Concurrency in modern programming languages: Rust

Concurrency in modern programming languages: Rust
Deepu K Sasidharan Deepu K Sasidharan| | 10 mins read |

This is a multi-part series where I’ll be talking about concurrency in modern programming languages and will be building and benchmarking a concurrent web server, inspired by the example from the Rust book, in popular languages like Rust, Go, JavaScript (NodeJS), TypeScript (Deno), Kotlin and Java to compare concurrency and its performance between these languages/platforms. The chapters of this series are as below and I’ll try to publish them weekly.

  1. Introduction
  2. Concurrent web server in Rust
  3. Concurrent web server in Golang
  4. Concurrent web server in JavaScript with NodeJS
  5. Concurrent web server in TypeScript with Deno
  6. Concurrent web server in Java with JVM
  7. Comparison and conclusion of benchmarks

Concurrency in Rust

Handling concurrent programming safely and efficiently is another of Rust’s major goals.

– Rust docs

Efficient and memory safe concurrency is one of the major goals of Rust and these are not just plain words, the language offers great features for concurrent programming and when combined with the best in class memory safety model makes it a great choice for concurrency use cases. As with everything else in Rust, the idea is that you spend more time upfront (read compile-time) fixing issues rather than spending time fixing issues in production (read runtime). So if you are new to Rust it might look like more time spent on writing code but it will considerable effort later on by avoiding a lot of issues that generally pop up in languages with not-so-great memory safety. The Rust team calls this “fearless concurrency”.

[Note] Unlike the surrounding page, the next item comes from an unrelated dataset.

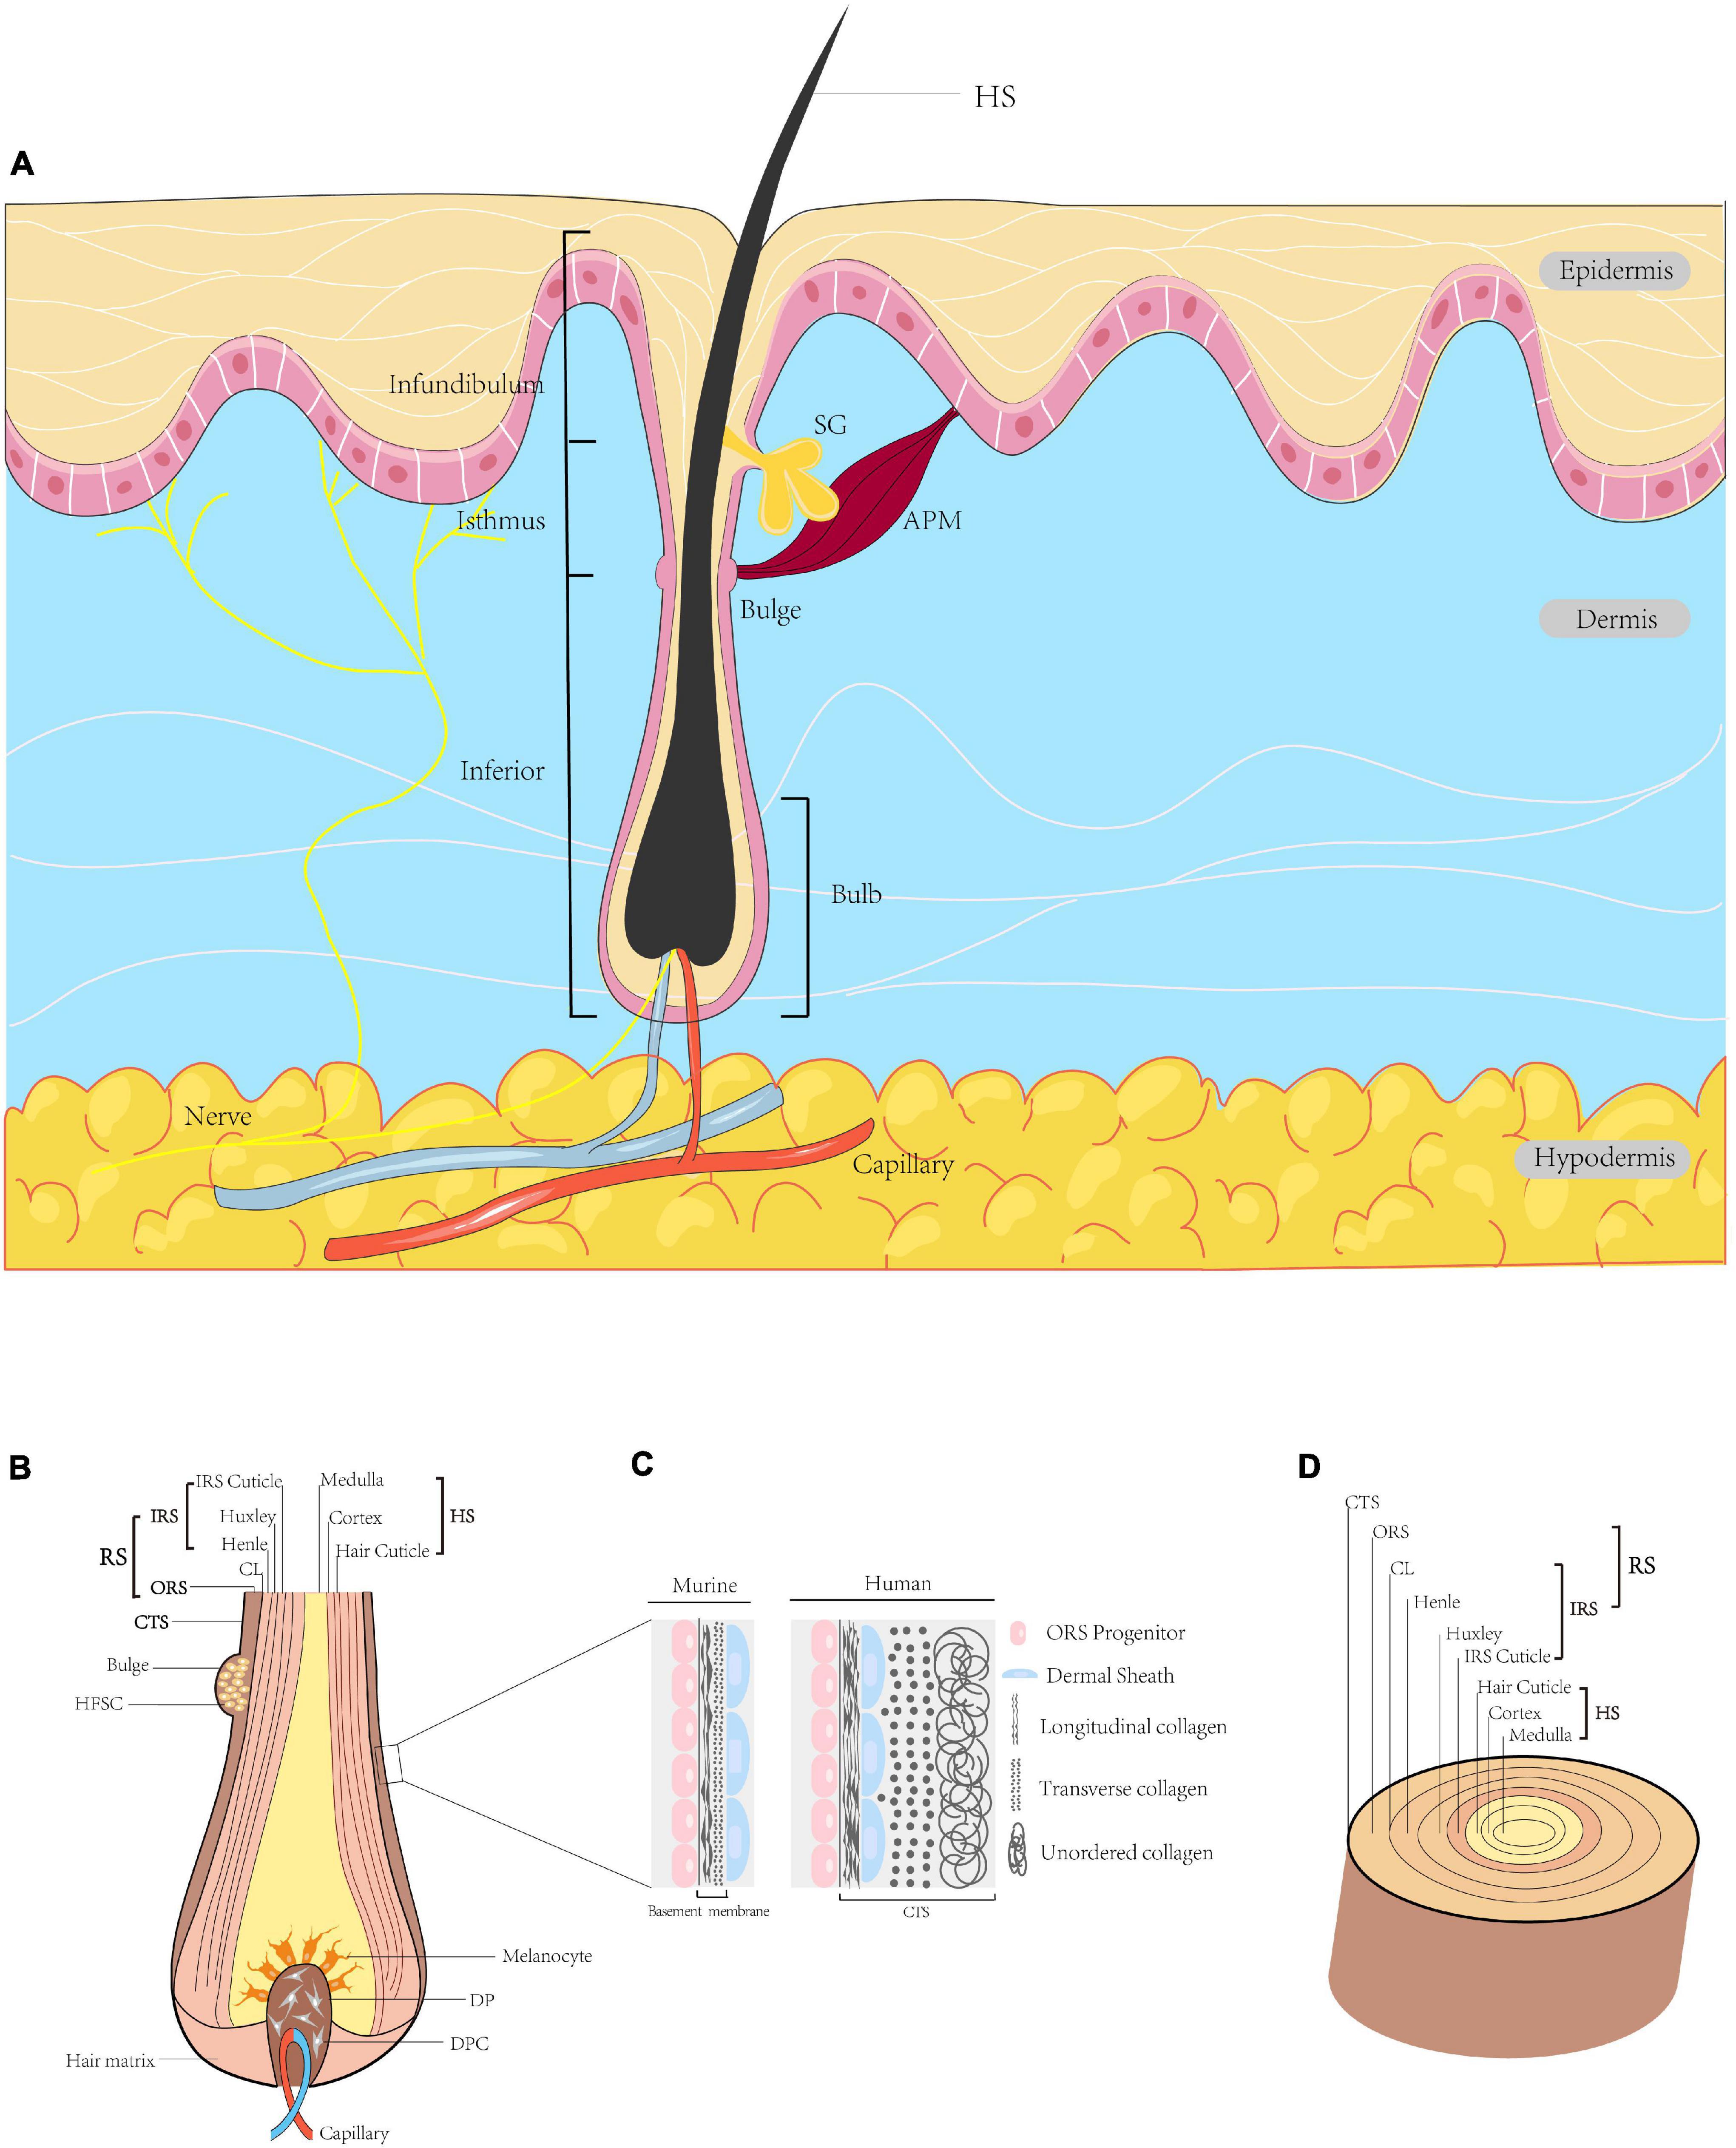 Nanodrug Delivery Strategies to Signaling Pathways in Alopecia

As with everything else in Rust the idea is that you spend more time upfront (read compile-time) fixing issues rather than spending time fixing issues in production (read runtime).

There are other languages like Go, which offers simpler and equally performant solutions for concurrency but they aren’t as powerful as Rust due to the flexibility offered by Rust. Basically, Rust provides you with building blocks required for concurrent, parallel, and asynchronous programming and you can extend or implement different solutions as you see fit or use a solution offered by the community. This allows for one to use the best possible solution for the use case rather than using the same hammer for all jobs.

With Rust, it’s possible to do multi-threaded concurrency or parallel programming as well as asynchronous programming. This means as we saw in the previous chapter, we can mix and match these models to get the best possible performance for any use case.

Multi-threading

Rust provides building blocks to create and manage OS threads as part of the standard library and it also provides implementations required for message-passing concurrency (similar to Go) using channels and shared-state concurrency using Mutexes and Smart pointers. Rust’s type system and ownership model helps to avoid common concurrency issues like data race, locks, etc.

Asynchronous processing

Technically asynchronous programming is not part of concurrency but in practice, it goes hand in hand for many use cases and improves performance, and makes resource usage more efficient. The latest versions of Rust provides building blocks and language features required for asynchronous programming with the async/.await syntax. But do keep in mind that using an asynchronous programming model increases the overall complexity and the ecosystem is still evolving. While Rust provides the language features required the standard library doesn’t provide any implementations needed and hence you would have to use an external crate like Futures to be able to use the asynchronous programming model effectively.

Benchmarking

Now that we have some basic understanding of concurrency features in Rust, let us build a simple concurrent webserver in Rust. Since Rust offers multiple ways to achieve this we’ll be building three sample applications and comparing them. The Rust version used is the latest (1.48.0) at the time of writing.

Multi-threaded concurrent webserver

This example is closer to the example from the official Rust book, I have omitted import statements for brevity. You can find the full example on GitHub here. The ThreadPool struct is exactly the same as in the Rust book. We are not using any external dependency in this case.

1
2
3
4
5
6
7
8
9
10
11
12
13
14
15
16
17
18
19
20
21
22
23
24
25
26
27
28
29
30
31
32
33
34
35
36
37
38
39
40
fn main() {
    let listener = TcpListener::bind("127.0.0.1:8080").unwrap(); // bind listener
    let pool = ThreadPool::new(100); // same number as max concurrent requests

    let mut count = 0; // count used to introduce delays

    // listen to all incoming request streams
    for stream in listener.incoming() {
        let stream = stream.unwrap();
        count = count + 1;
        pool.execute(move || {
            handle_connection(stream, count); // spawning each connection in a new thread
        });
    }
}

fn handle_connection(mut stream: TcpStream, count: i64) {
    // Read the first 1024 bytes of data from the stream
    let mut buffer = [0; 1024];
    stream.read(&mut buffer).unwrap();

    // add 2 second delay to every 10th request
    if (count % 10) == 0 {
        println!("Adding delay. Count: {}", count);
        thread::sleep(Duration::from_secs(2));
    }

    let header = "
HTTP/1.0 200 OK
Connection: keep-alive
Content-Length: 174
Content-Type: text/html; charset=utf-8
    ";
    let contents = fs::read_to_string("hello.html").unwrap();

    let response = format!("{}\r\n\r\n{}", header, contents);

    stream.write(response.as_bytes()).unwrap(); // write response
    stream.flush().unwrap();
}

As you can see we bind a TCP listener to port 8080 and listen to all incoming requests. Each request is processed in a new thread provided by a ThreadPool.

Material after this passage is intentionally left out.